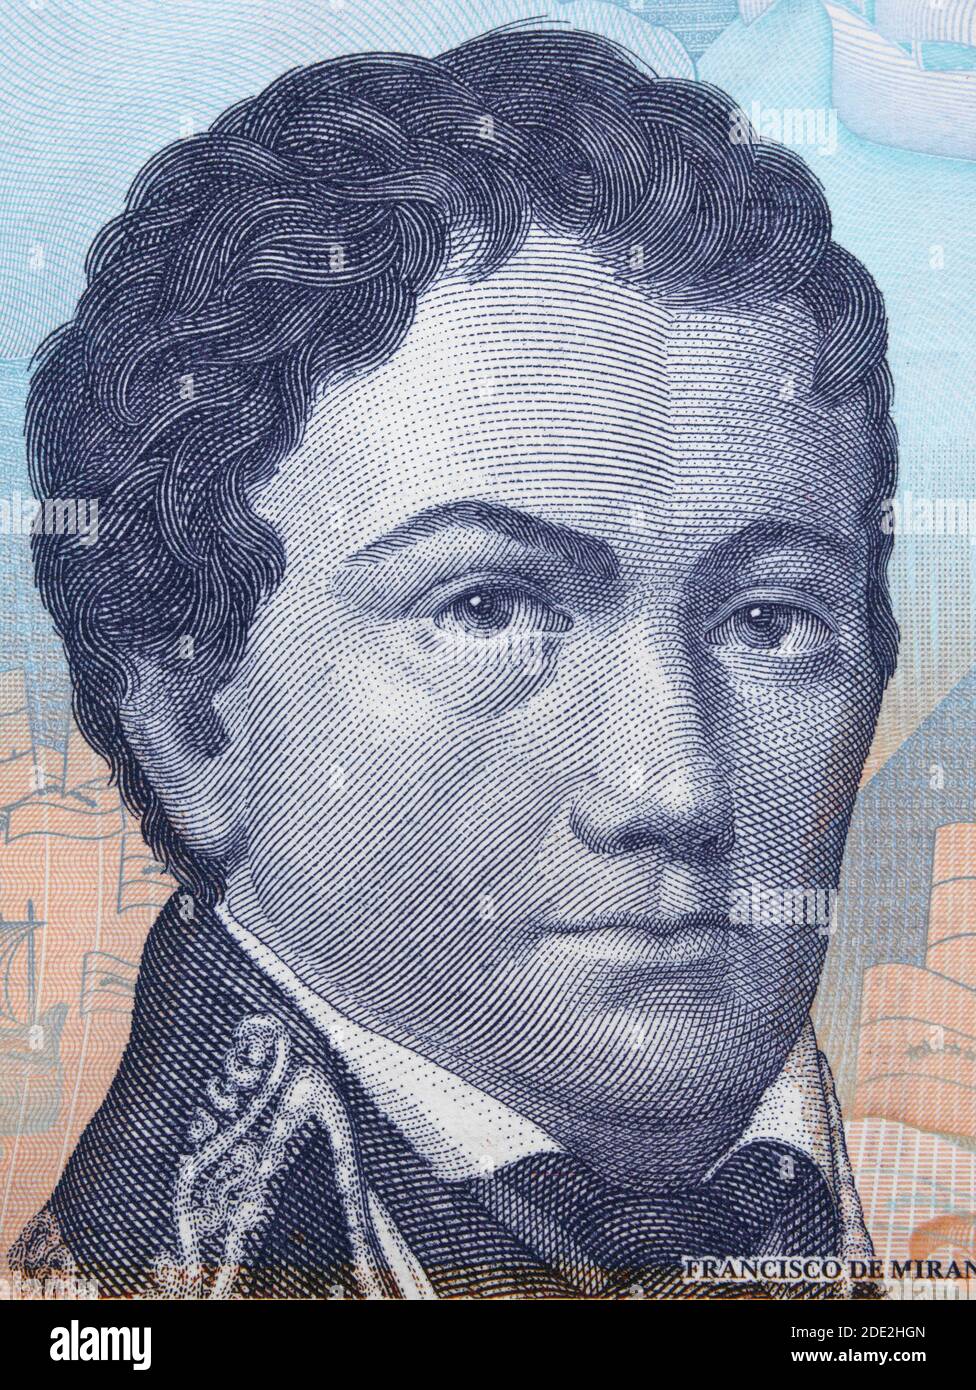 Francisco de Miranda (1750-1816) portrait on Venezuela 2 bolivares (2012) banknote, Venezuelan money closeup. Stock Photo
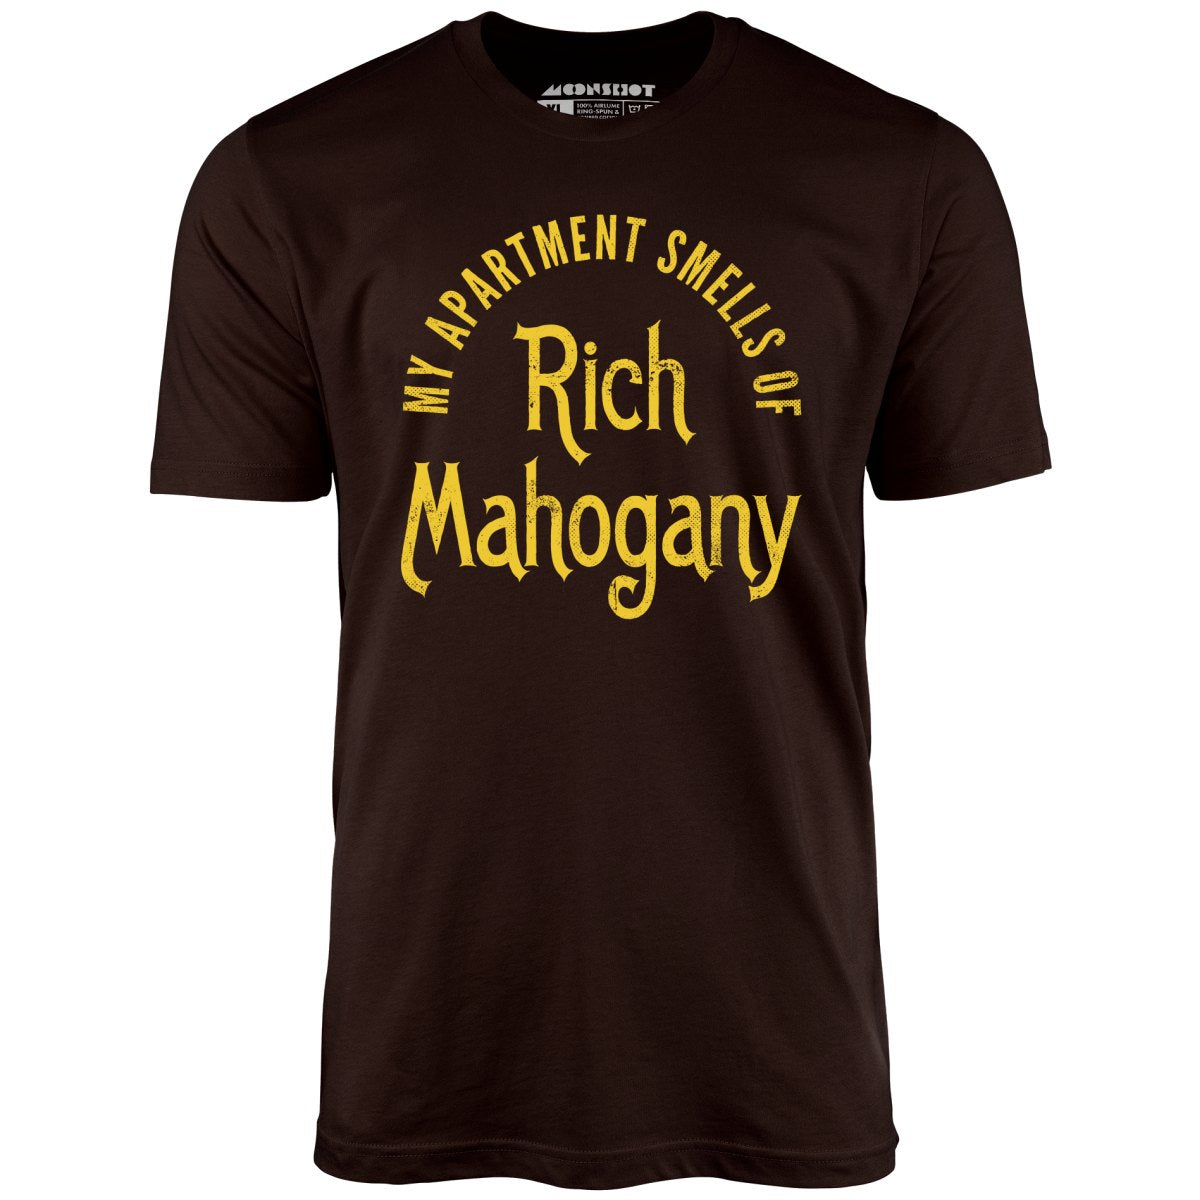 My Apartment Smells of Rich Mahogany - Unisex T-Shirt
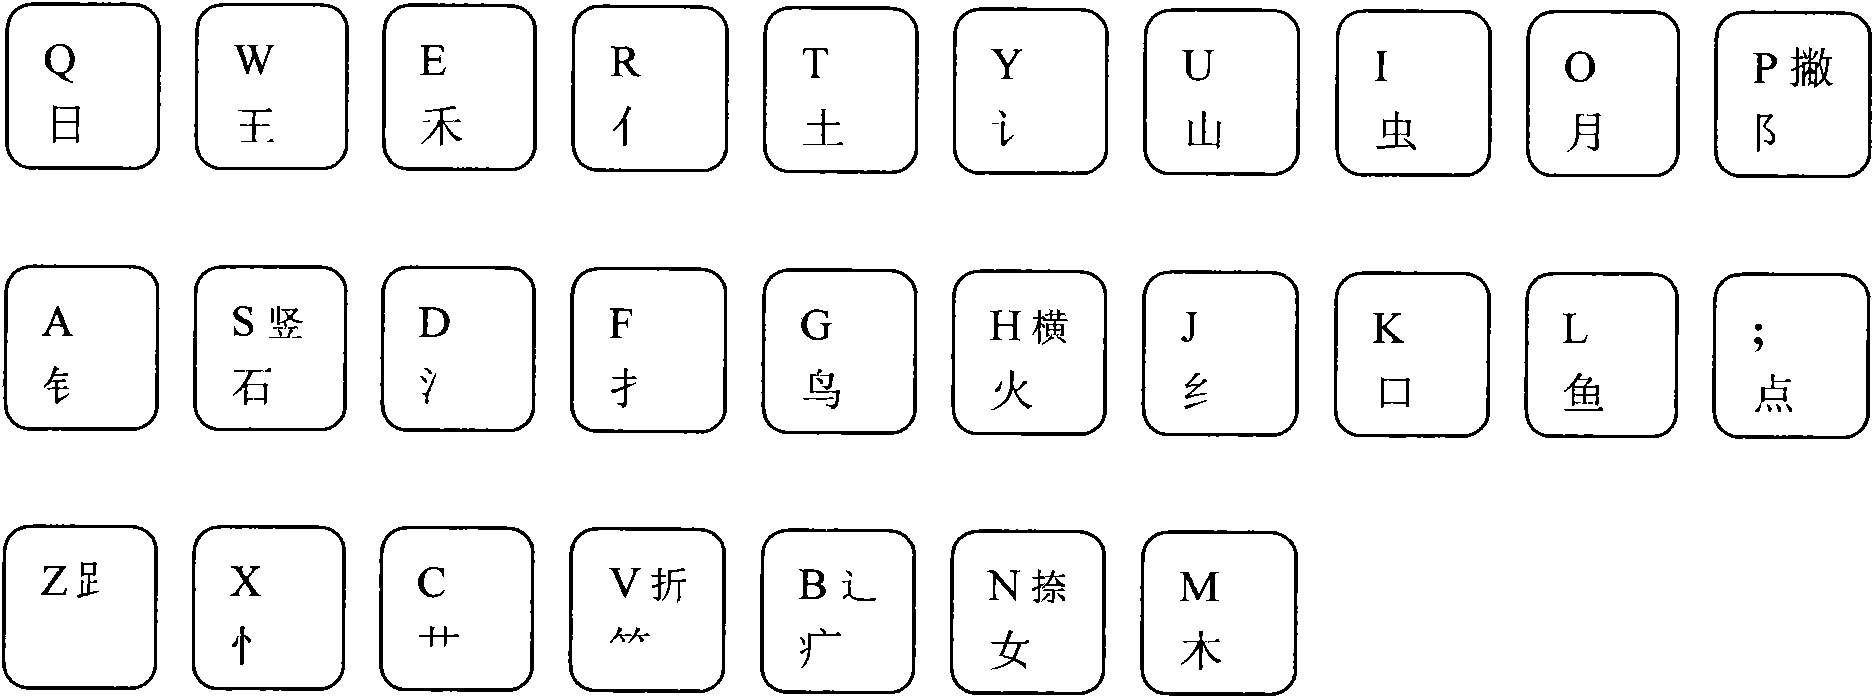 Initial component pinyin input method
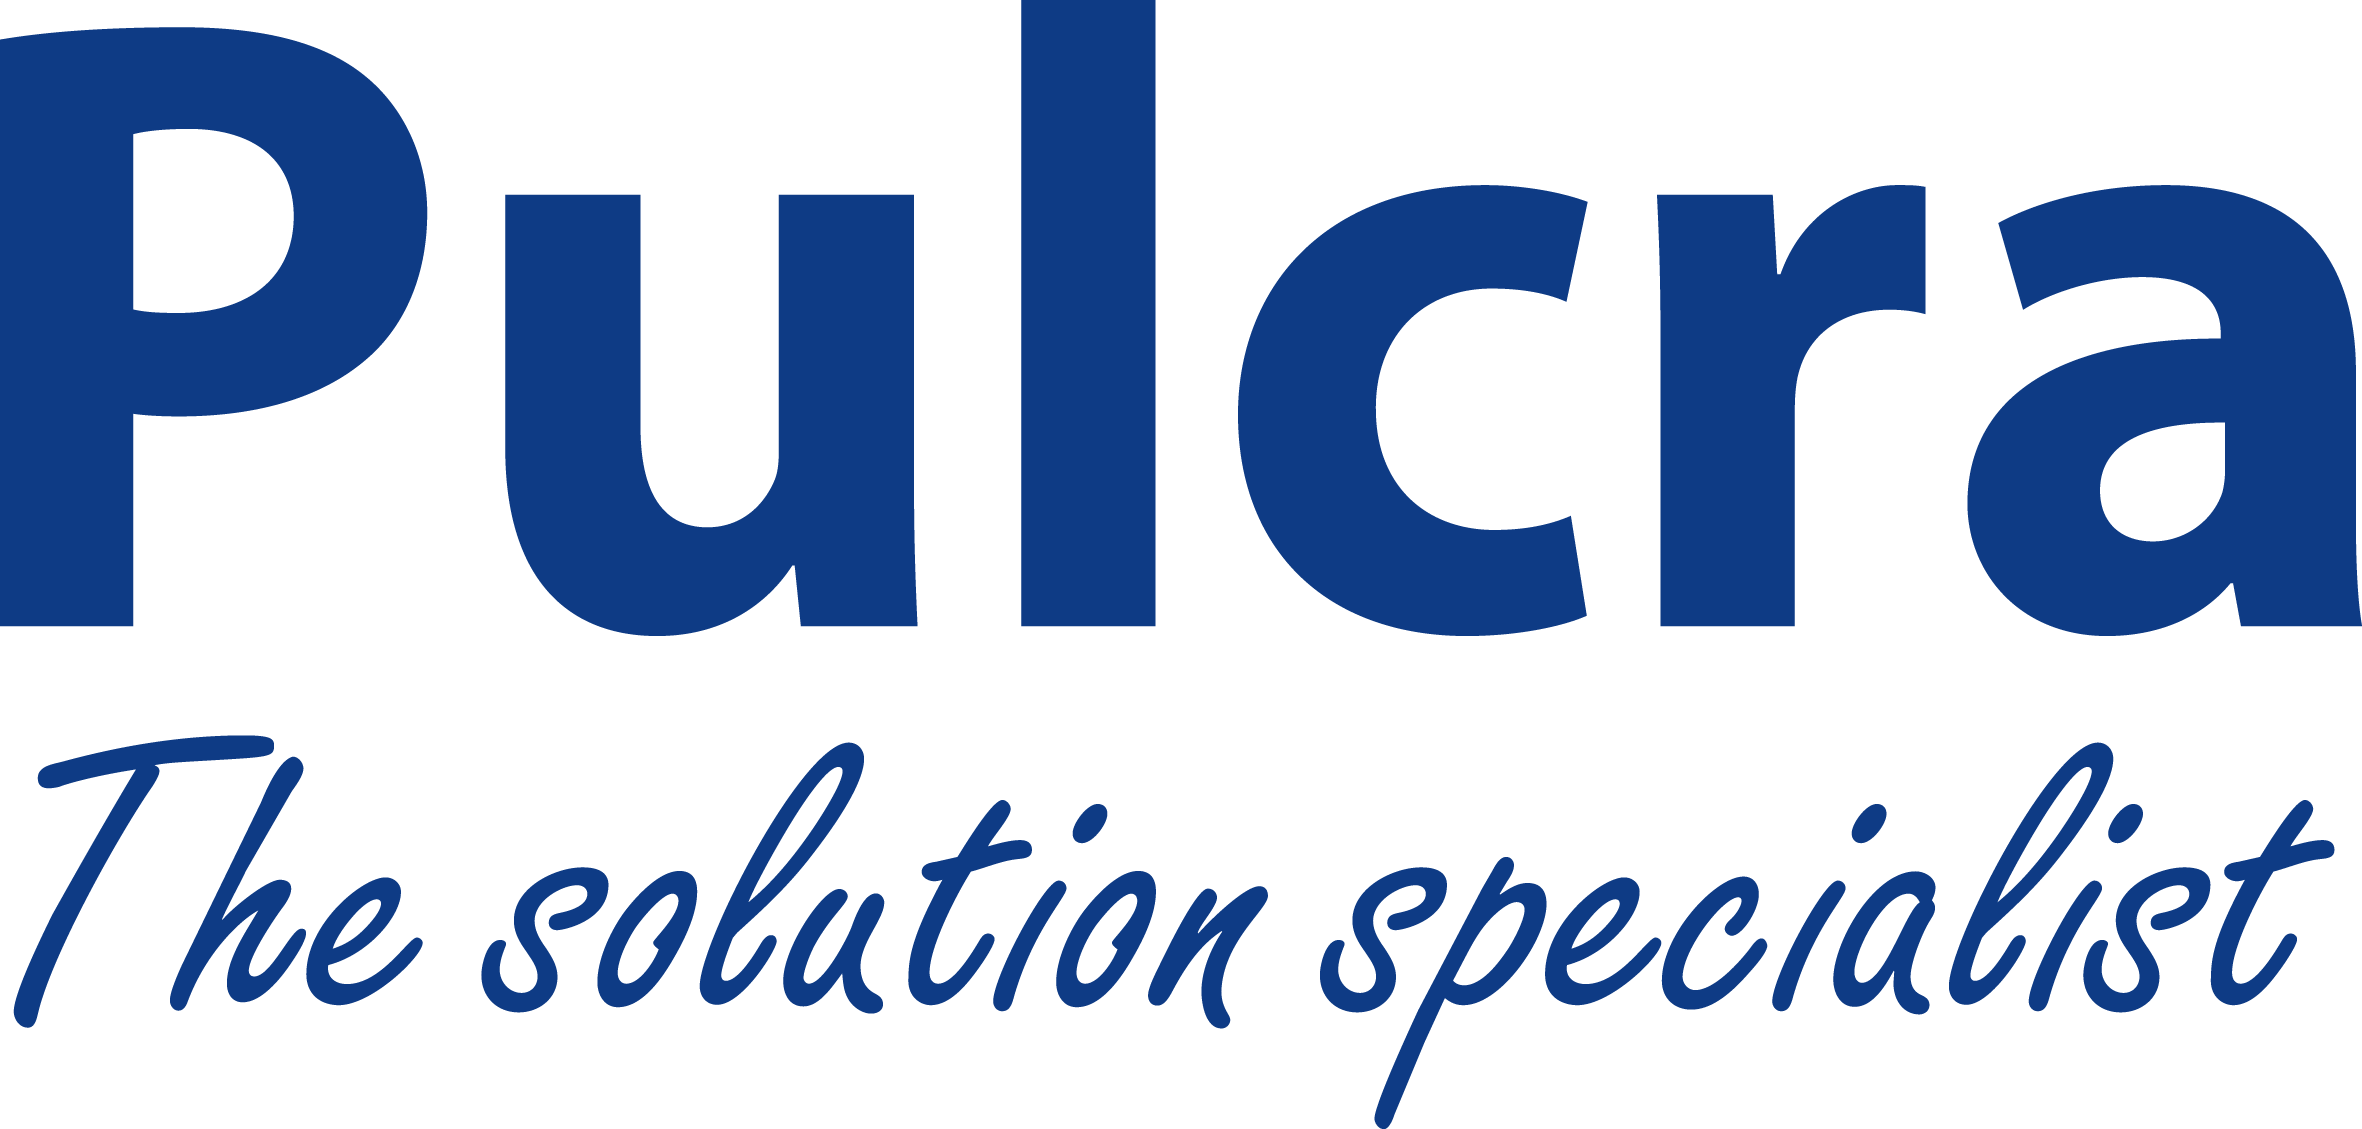 Pulcra-solution_4c0a0KheATlbxX8
────────────────────────────────────────
* [Problem to solve]: Output the data exactly, pictures omitted.

* [Your solution]:
 Francisco de Miranda (1750-1816) portrait on Venezuela 2 bolivares (2012) banknote, Venezuelan money closeup. Stock Photo
 My Apartment Smells of Rich Mahogany - Unisex T-Shirt
 Initial component pinyin input method
 Pulcra-solution_4c0a0KheATlbxX8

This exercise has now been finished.